I haven't posted photos before, so I thought I'd give it a go :0
This derelict cottage has been empty and run down for many years, the top floor nearly meets the bottom now.
Had the owners permission to look at the remains of what was his family home.
Taken late afternoon/dusk (used a Fuji Finepix for these, not my usual camera)


----------



## st33ly (Apr 26, 2012)

Another good looking place


----------



## UE-OMJ (Apr 26, 2012)

Thats impressive. Did you get any closer shots of items on the shelves, etc?


----------



## JavaJane (Apr 26, 2012)

I'm trying to find them, on a disc or hard drive somewhere!


----------



## UE-OMJ (Apr 26, 2012)

And what was in the caravan, did you get a look?


----------



## UE-OMJ (Apr 26, 2012)

Ah, is this not a recent photoshoot?


----------



## JavaJane (Apr 26, 2012)

About two years back. I do want to go back, but the owner is a wee bit eccentric and I would prefer to go with a few people :/ The caravan is full of things like mattresses, beds etc, probably from the house.


----------



## Ninja Kitten (Apr 26, 2012)

ohhh lovely..


----------



## Judderman62 (Apr 26, 2012)

liking that lots


----------



## TranKmasT (Apr 26, 2012)

omj624p said:


> And what was in the caravan, did you get a look?
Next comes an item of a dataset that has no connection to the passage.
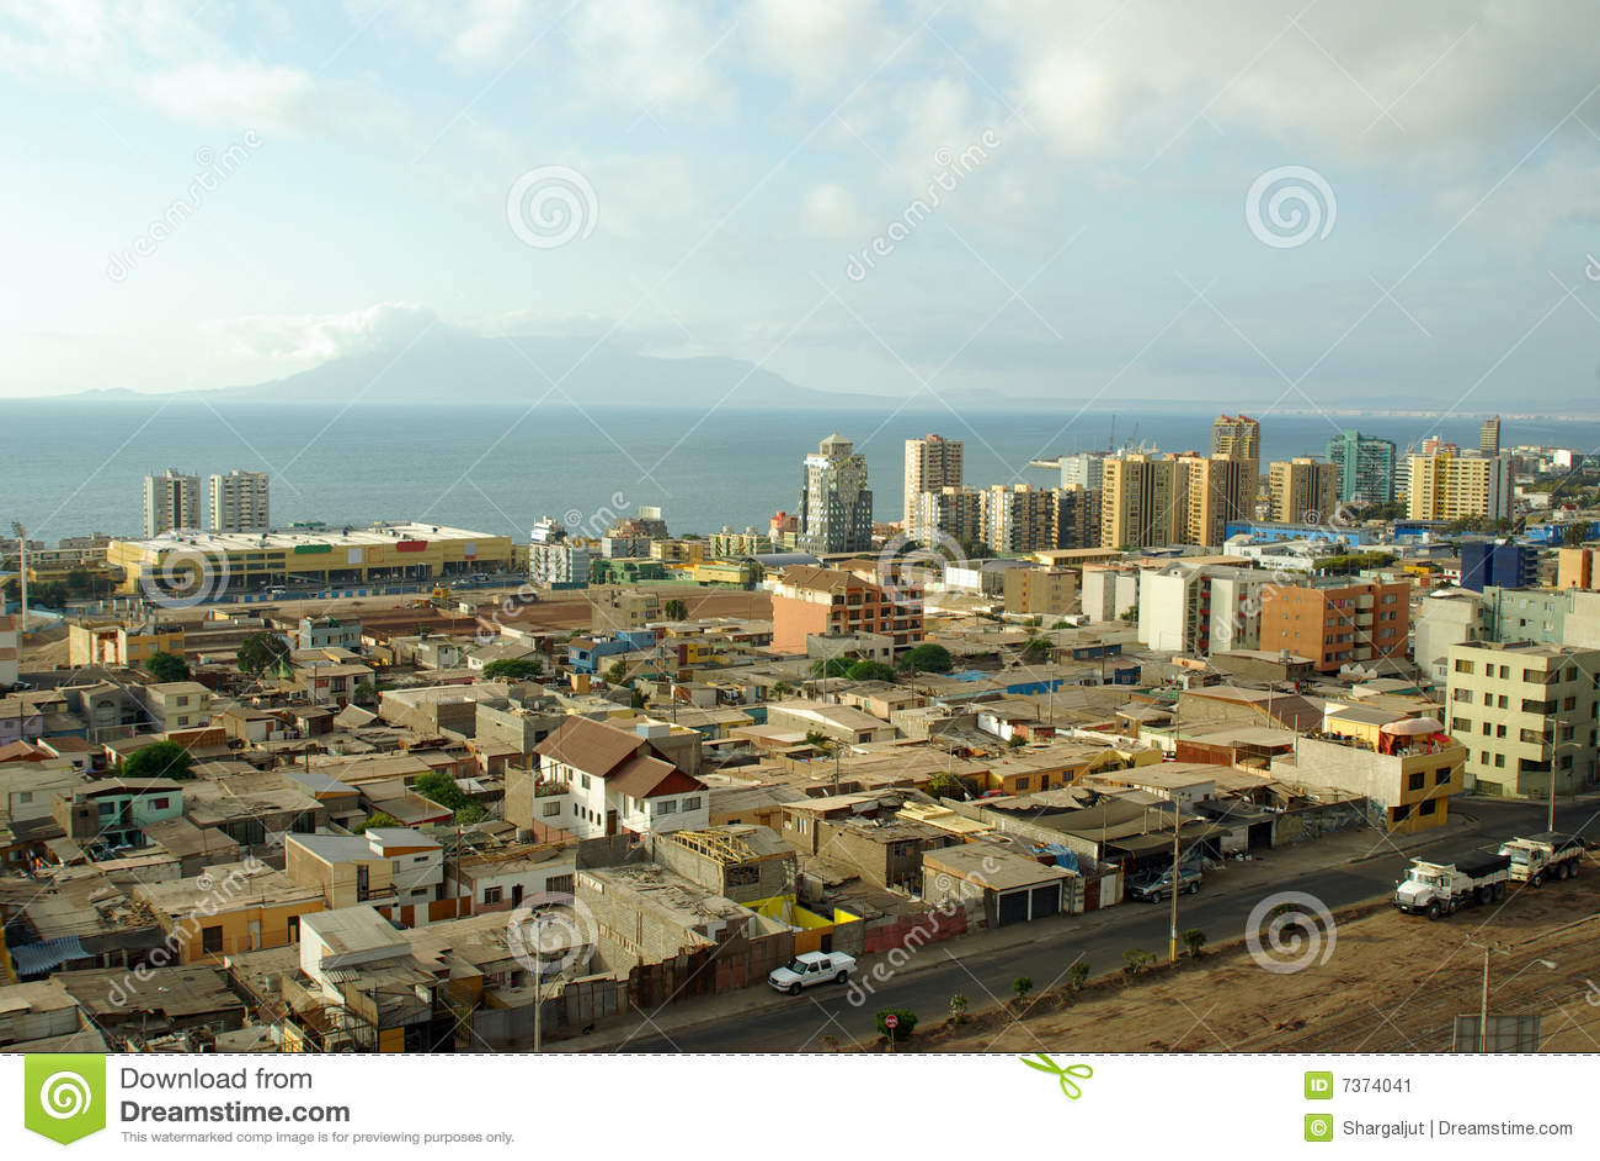 Antofagasta Chile  City pictures : Antofagasta, Chile Stock Image Image: 7374041

Took the words right out of my mouth. Never seen a derelict caravan. 
The cottage looks interesting. Would of loved some close ups of the bottles.
Good work.


----------



## onthebusescrazy (Apr 27, 2012)

love the photos just brillant


----------



## JavaJane (Apr 27, 2012)

A few more photos, as I found where I put them!
The front of the cottage




















The door that led to the stairs






and outside, the top floor meets the bottom


----------



## JavaJane (Apr 27, 2012)

and the caravan


----------



## Urban Ghost (Apr 27, 2012)

Top stuff that!


----------



## UE-OMJ (Apr 27, 2012)

There wasnt a dead bird in the cage was there...?


----------



## JavaJane (Apr 27, 2012)

I didn't look!


----------



## Stussy (Apr 27, 2012)

Awesome little find, the good ones are becoming very hard to find, thanks for the share!


----------